Foxconn, the world’s biggest contract electronics manufacturer, has gone beyond assembling low-margin Apple iPhones to making AI servers for Nvidia, electric vehicles and robotics.
The Taiwanese firm has seen server sales skyrocket, reducing its dependency on smartphones.
Foxconn, also known as Hon Hai Precision Industry, said net profit in the third quarter rose 17% year-on-year to NT$57.67 billion (US$1.9 billion).
That beat an average forecast of NT$50.95 billion, according to a Bloomberg News survey of analysts.
Revenue in the three-month period increased 11% year-on-year to NT$2.06 trillion.

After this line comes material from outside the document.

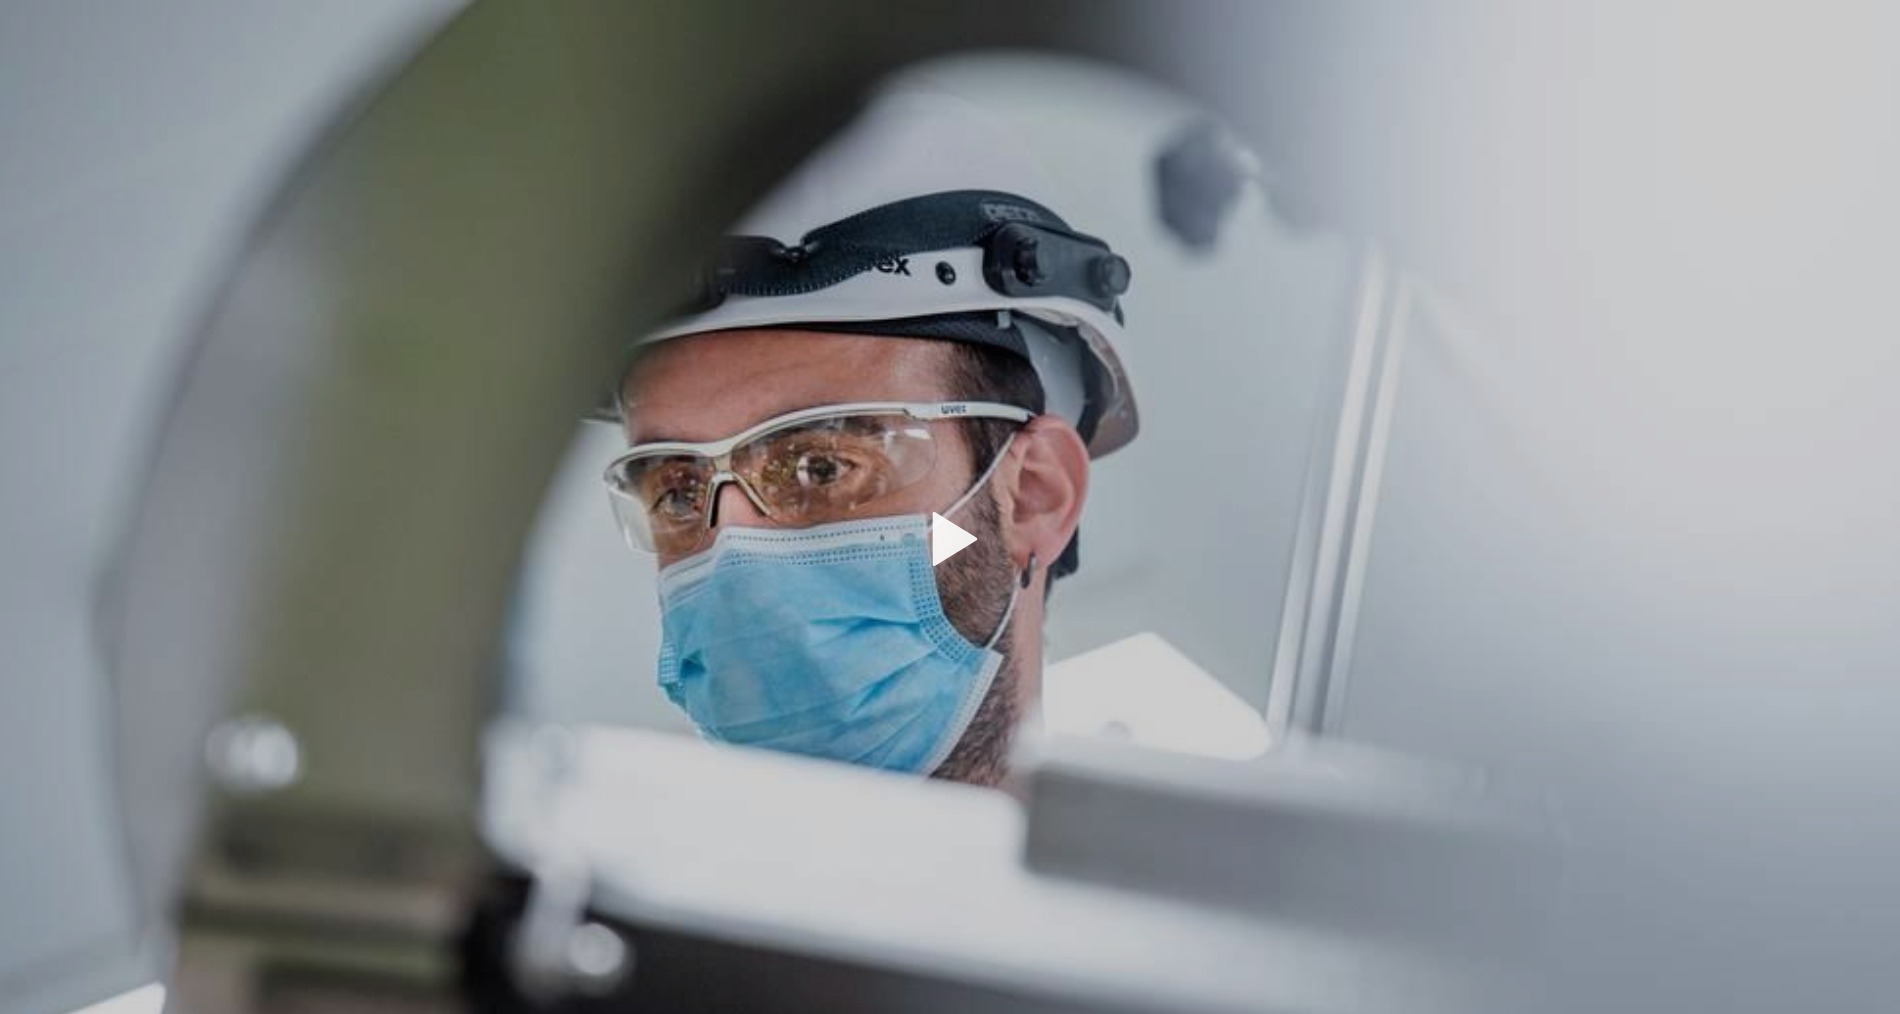 Professionista sanitario con mascherina, casco e occhiali di protezione intravisto attraverso apparecchiature mediche

AI-related spending is soaring worldwide, and is expected to reach approximately US$1.5 trillion by 2025, according to US research firm Gartner, and over US$2 trillion in 2026 – nearly two percent of global GDP.
Soaring tech share valuations have fed concerns of an AI market bubble that could eventually burst, like the dot-com boom that imploded at the turn of the millennium.
Bloomberg said ahead of the results that subdued consumer sentiment and unfavourable exchange rates may have weighed on smart consumer electronics and computing.
Cloud and networking products were expected to lead revenue gains on the back of strong demand for AI servers, as US tech giants pour billions of dollars into data centres.